We have helpers for cgroups and mm but not for the rlimit nproc and in
the future we will probably want helpers for things like namespaces. For
those two items and to allow future sharing/inheritance, this patch adds
two helpers, user_worker_create and user_worker_start that allow callers
to create threads that copy or inherit the caller's attributes like mm,
cgroups, namespaces, etc, and are accounted for under the callers rlimits
nproc value similar to if the caller did a clone() in userspace.

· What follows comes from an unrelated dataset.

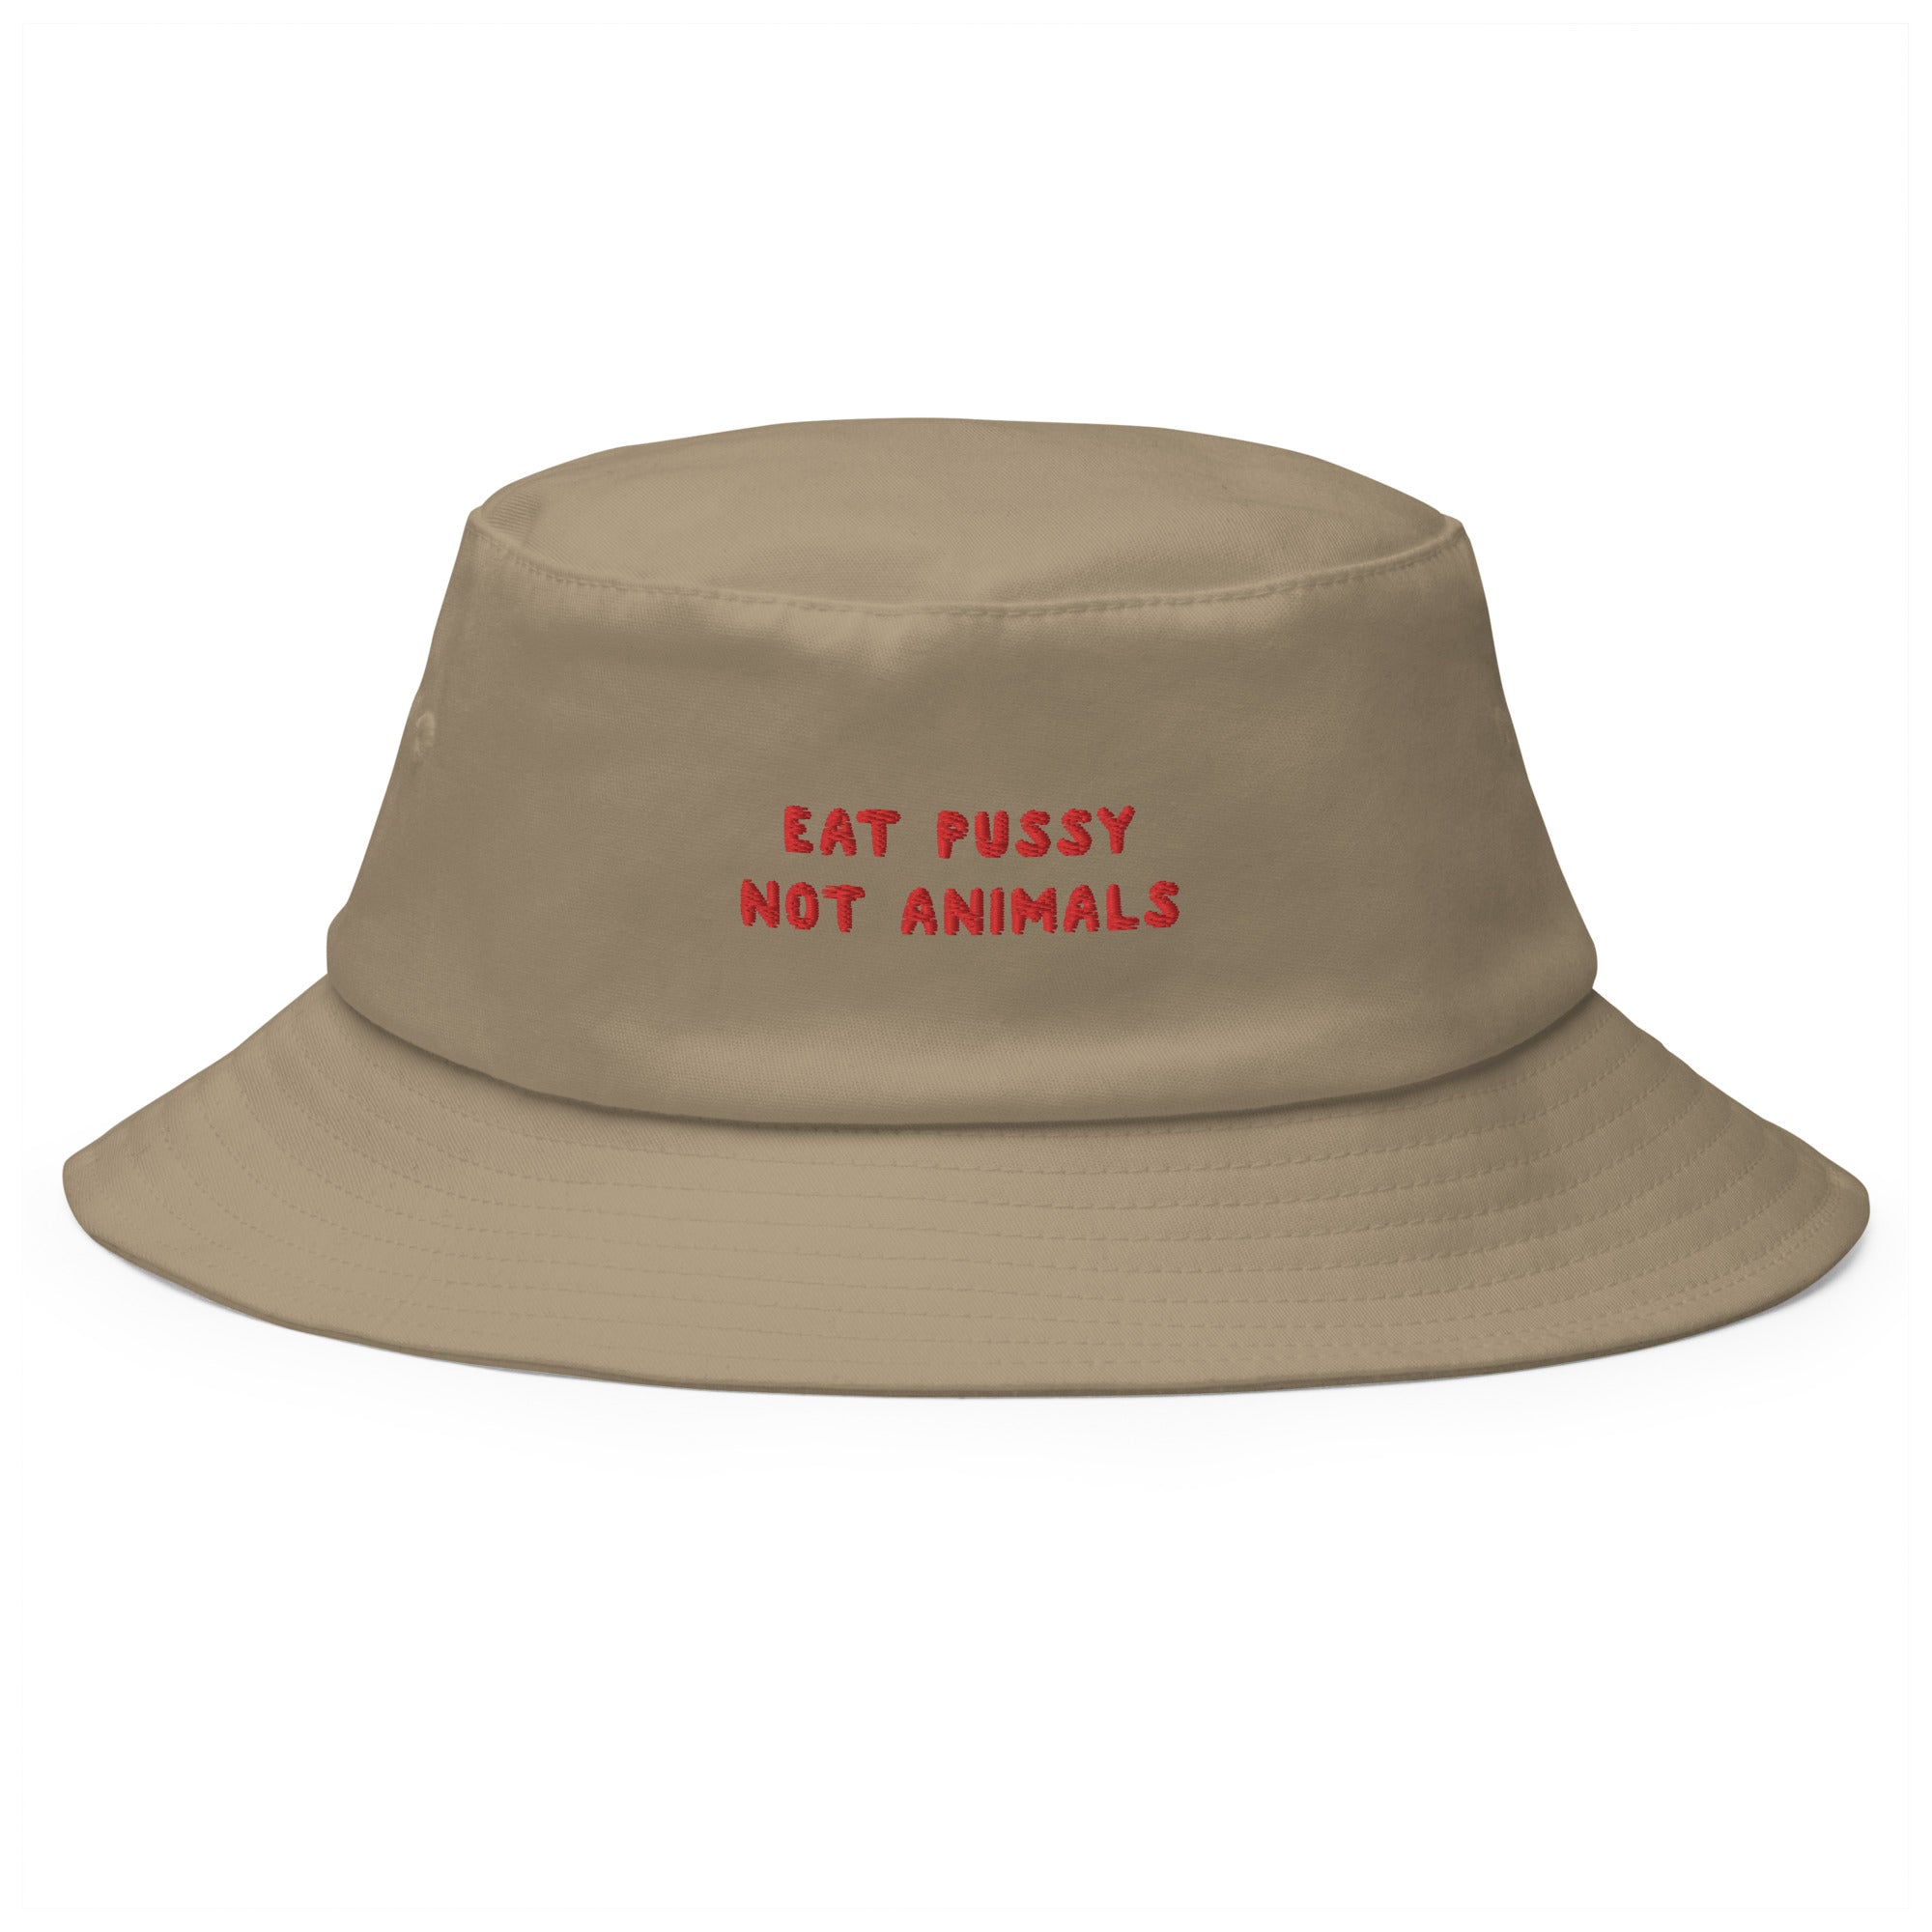 Eat Pussy not Animals - Embroidered Bucket Hat

However,
instead of returning to userspace the thread is usable in the kernel for
modules like vhost or layers like io_uring.
[added flag validation code from Christian Brauner's SIG_IGN patch]
Signed-off-by: Mike Christie <michael.christie@xxxxxxxxxx>
Acked-by: Christian Brauner <christian.brauner@xxxxxxxxxx>
Reviewed-by: Christoph Hellwig <hch@xxxxxx>
---
include/linux/sched/task.h | 5 +++
kernel/fork.c | 72 ++++++++++++++++++++++++++++++++++++++
2 files changed, 77 insertions(+)
diff --git a/include/linux/sched/task.h b/include/linux/sched/task.h
index f8a658700075..ecb21c0d95ce 100644
--- a/include/linux/sched/task.h
+++ b/include/linux/sched/task.h
@@ -95,6 +95,11 @@ struct mm_struct *copy_init_mm(void);
extern pid_t kernel_thread(int (*fn)(void *), void *arg, unsigned long flags);
extern long kernel_wait4(pid_t, int __user *, int, struct rusage *);
int kernel_wait(pid_t pid, int *stat);
+struct task_struct *user_worker_create(int (*fn)(void *), void *arg, int node,
+ unsigned long clone_flags,
+ u32 worker_flags);
+__printf(2, 3)
+void user_worker_start(struct task_struct *tsk, const char namefmt[], ...);
extern void free_task(struct task_struct *tsk);
diff --git a/kernel/fork.c b/kernel/fork.c
index c9152596a285..e72239ae1e08 100644
--- a/kernel/fork.c
+++ b/kernel/fork.c
@@ -2543,6 +2543,78 @@ struct task_struct *create_io_thread(int (*fn)(void *), void *arg, int node)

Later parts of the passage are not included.